YOUR OBJECTIVE: An exact copy is needed of the lines in the entries below from the line with "Photo of Cute" up to and including the line with "Man Abrechnung Venegance DVD - Die", and of nothing else. Leave the pictures out.

PROVIDED RECORDS:
<<<<
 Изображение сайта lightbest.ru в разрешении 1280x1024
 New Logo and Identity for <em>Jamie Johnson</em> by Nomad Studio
>>>>
<<<<
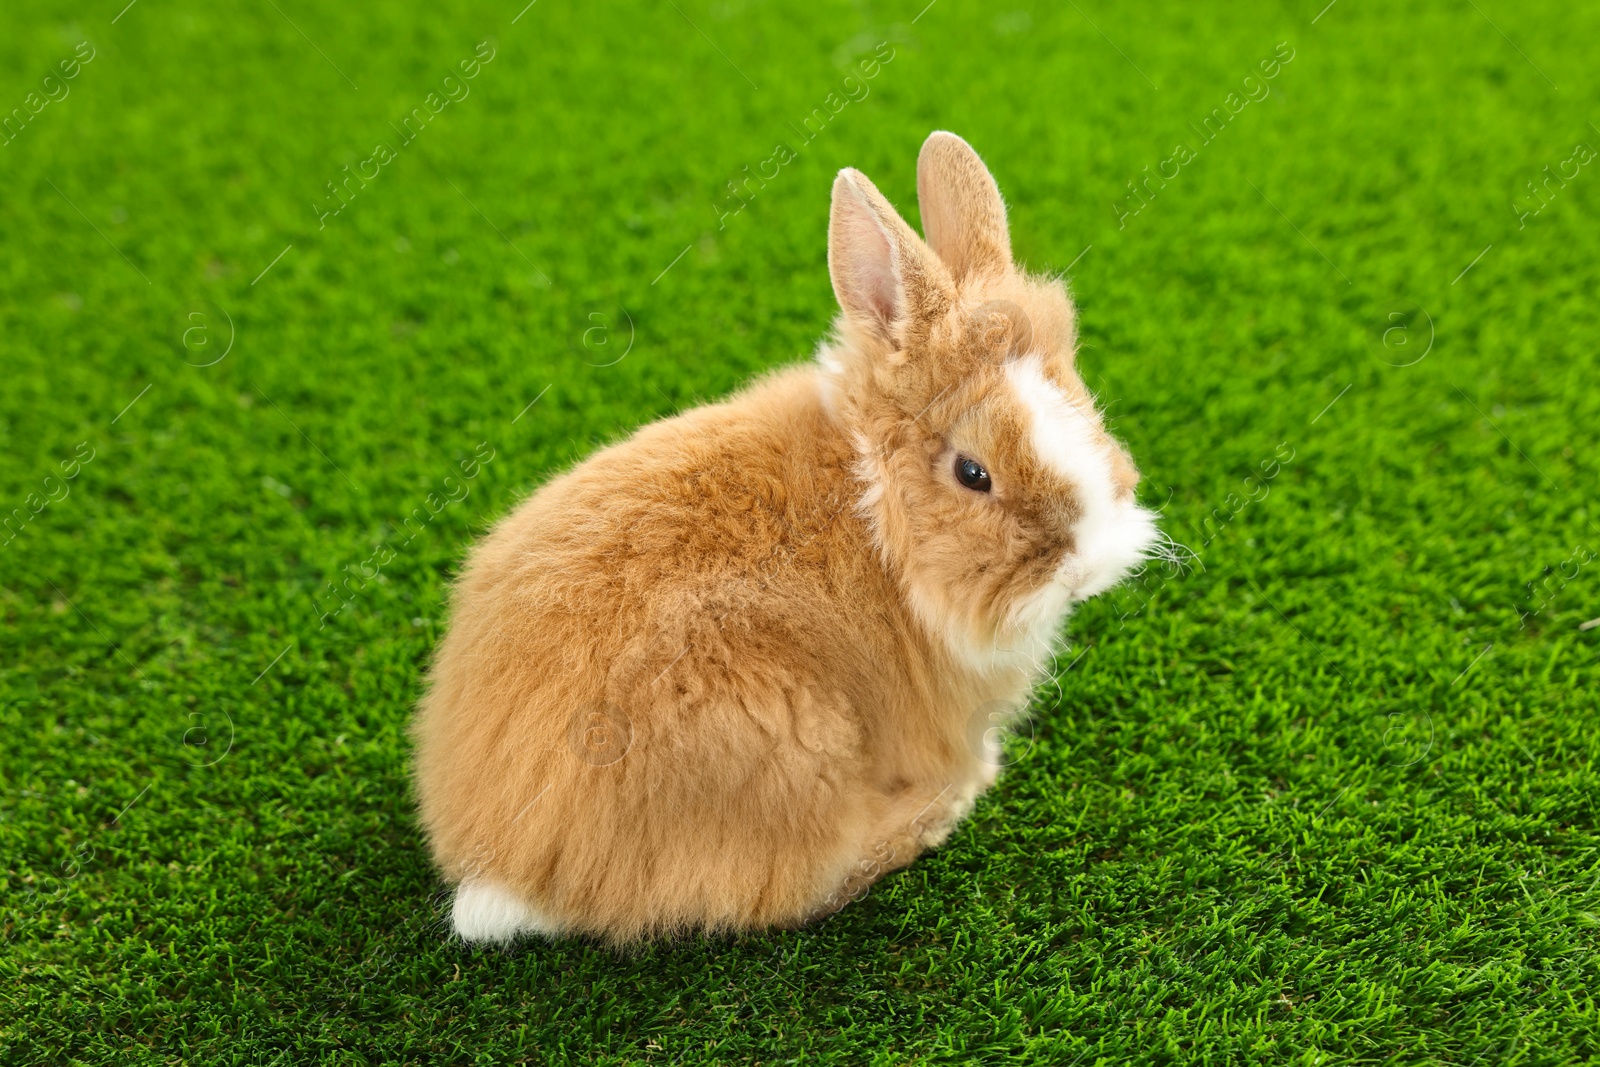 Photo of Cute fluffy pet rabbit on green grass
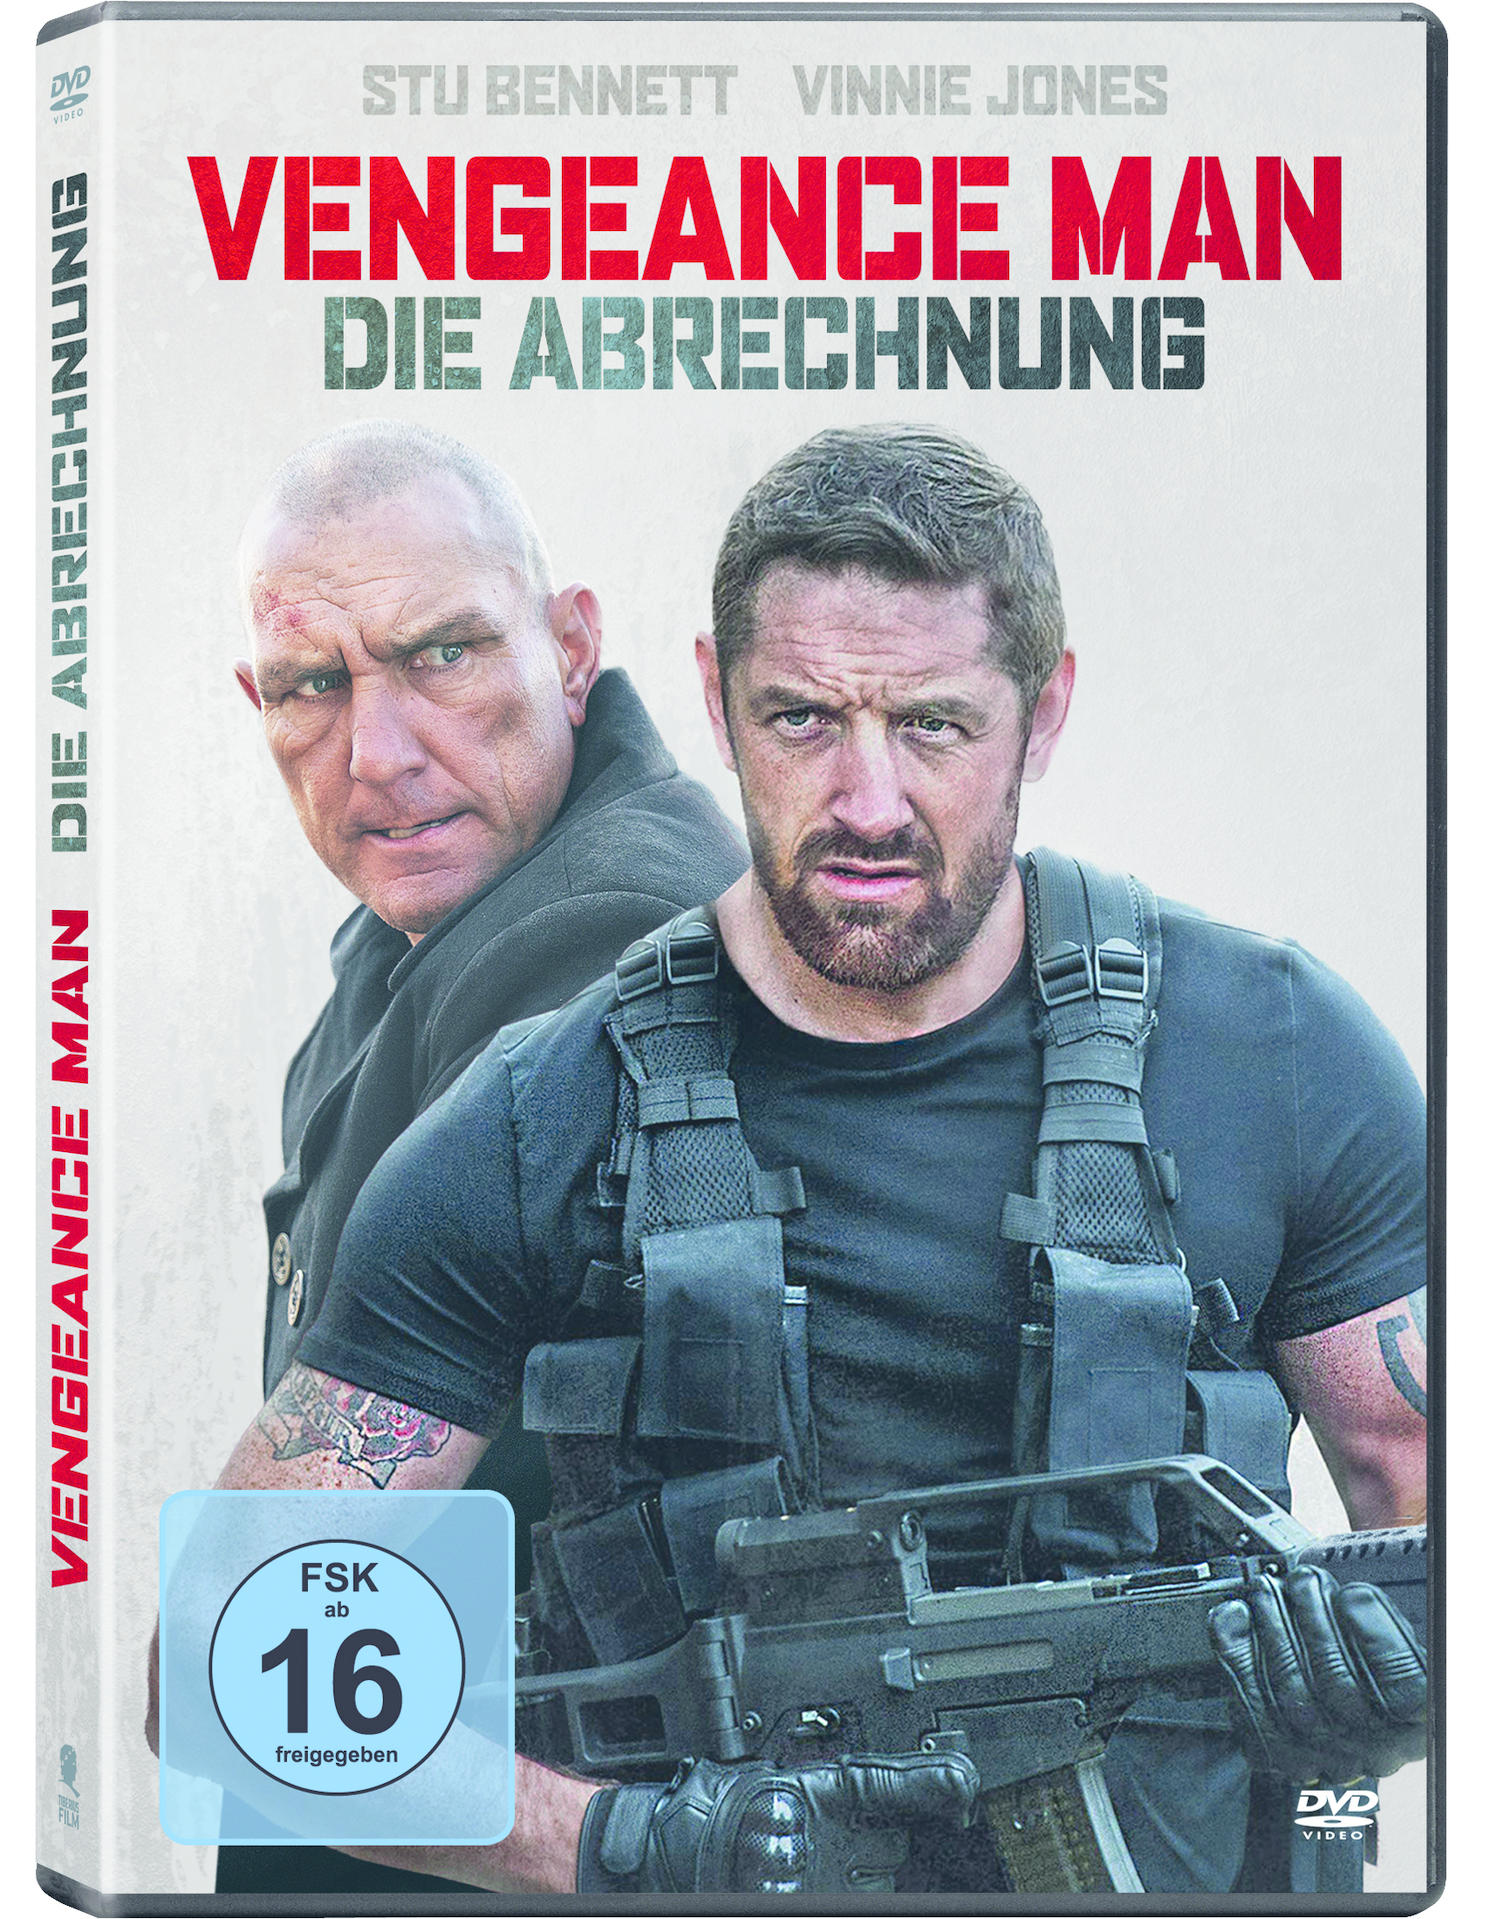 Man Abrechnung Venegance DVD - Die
>>>>
<<<<
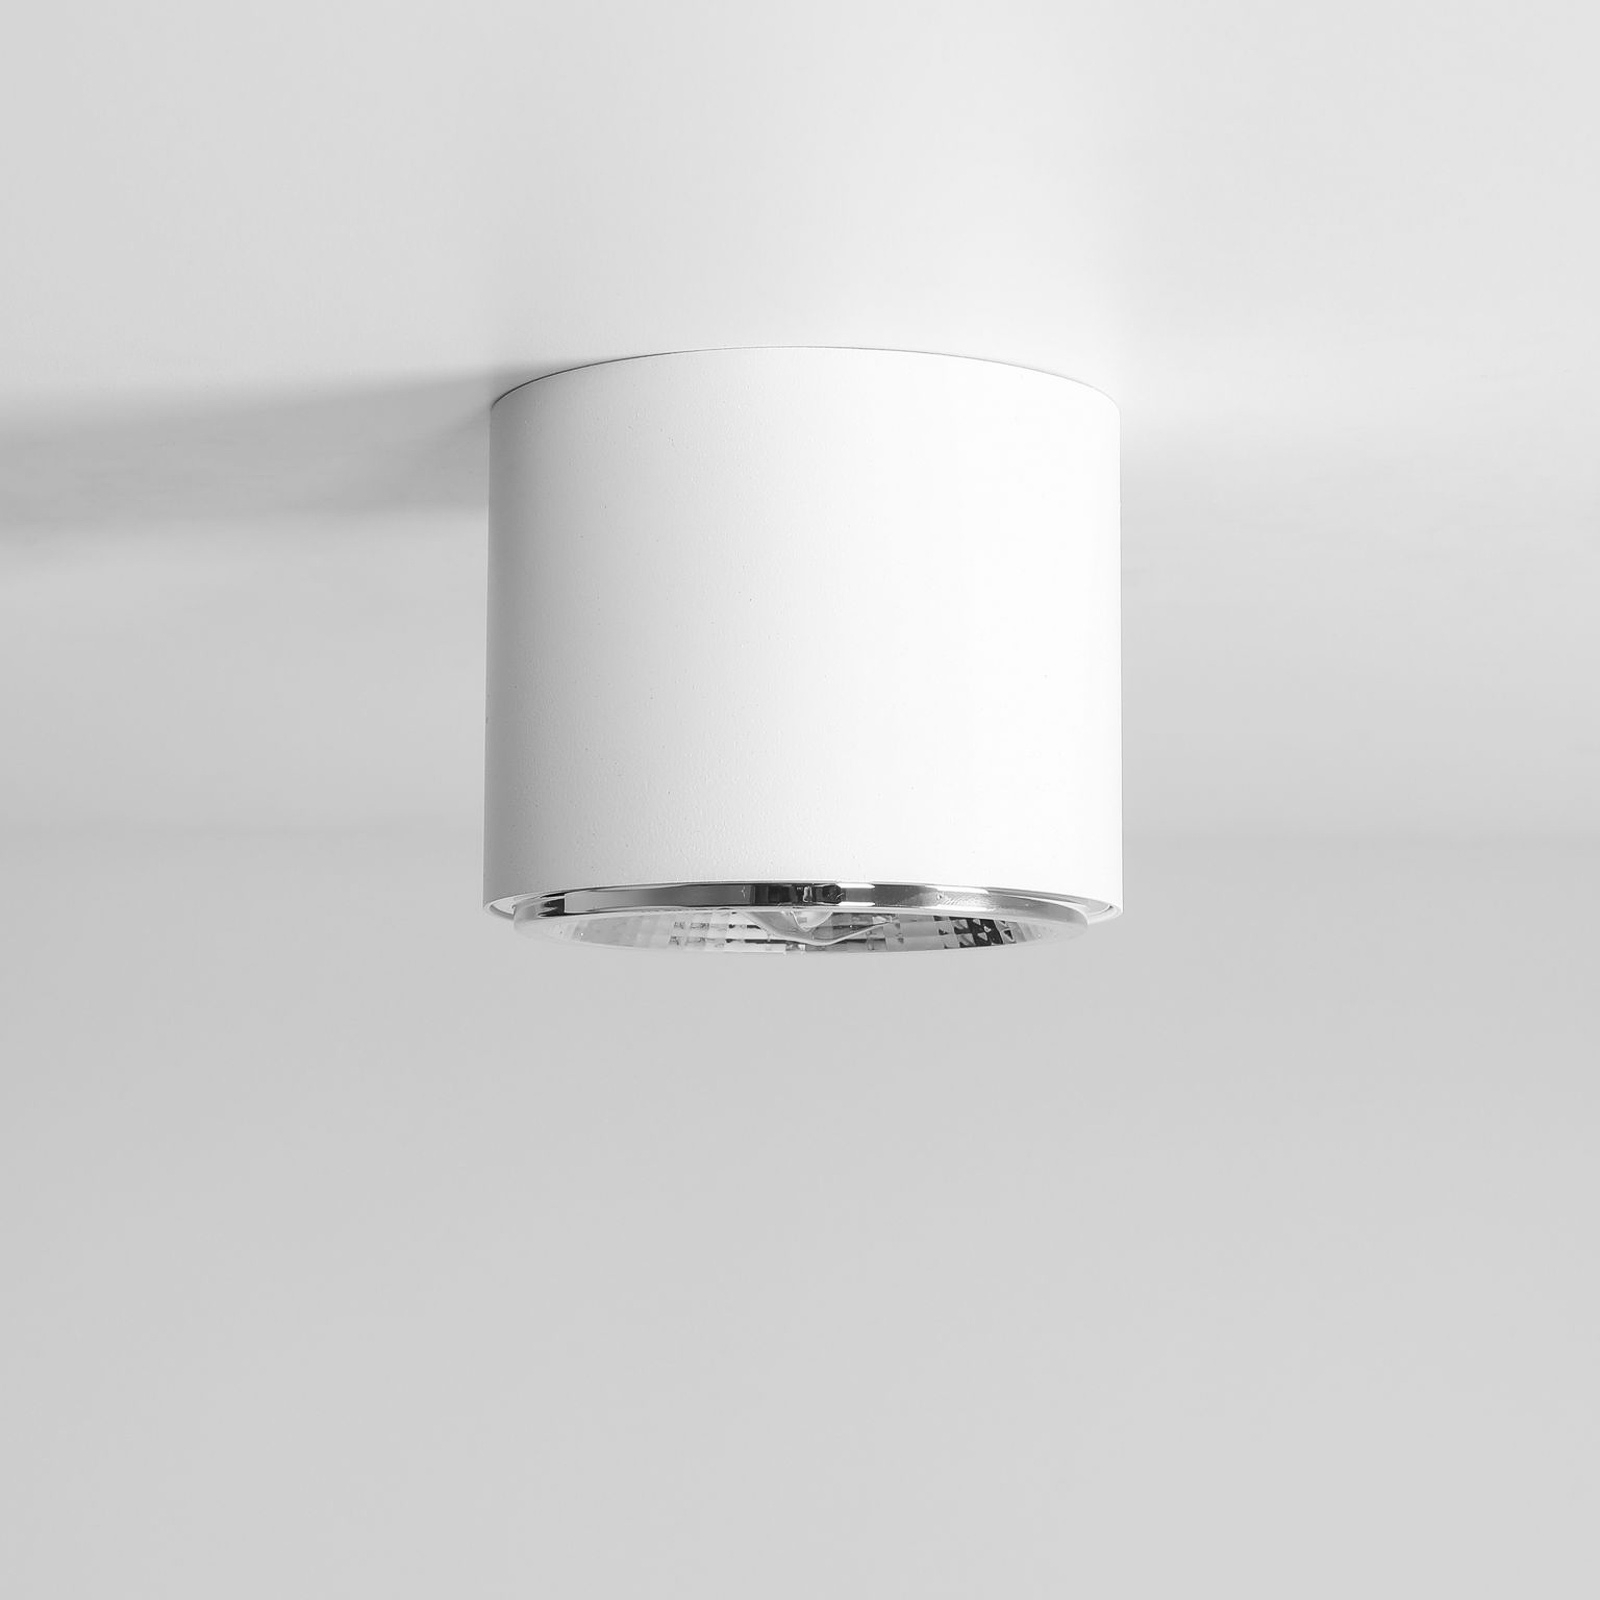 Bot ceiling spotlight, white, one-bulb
>>>>
RESPONSE FOR THIS EXERCISE:
 Photo of Cute fluffy pet rabbit on green grass
 Man Abrechnung Venegance DVD - Die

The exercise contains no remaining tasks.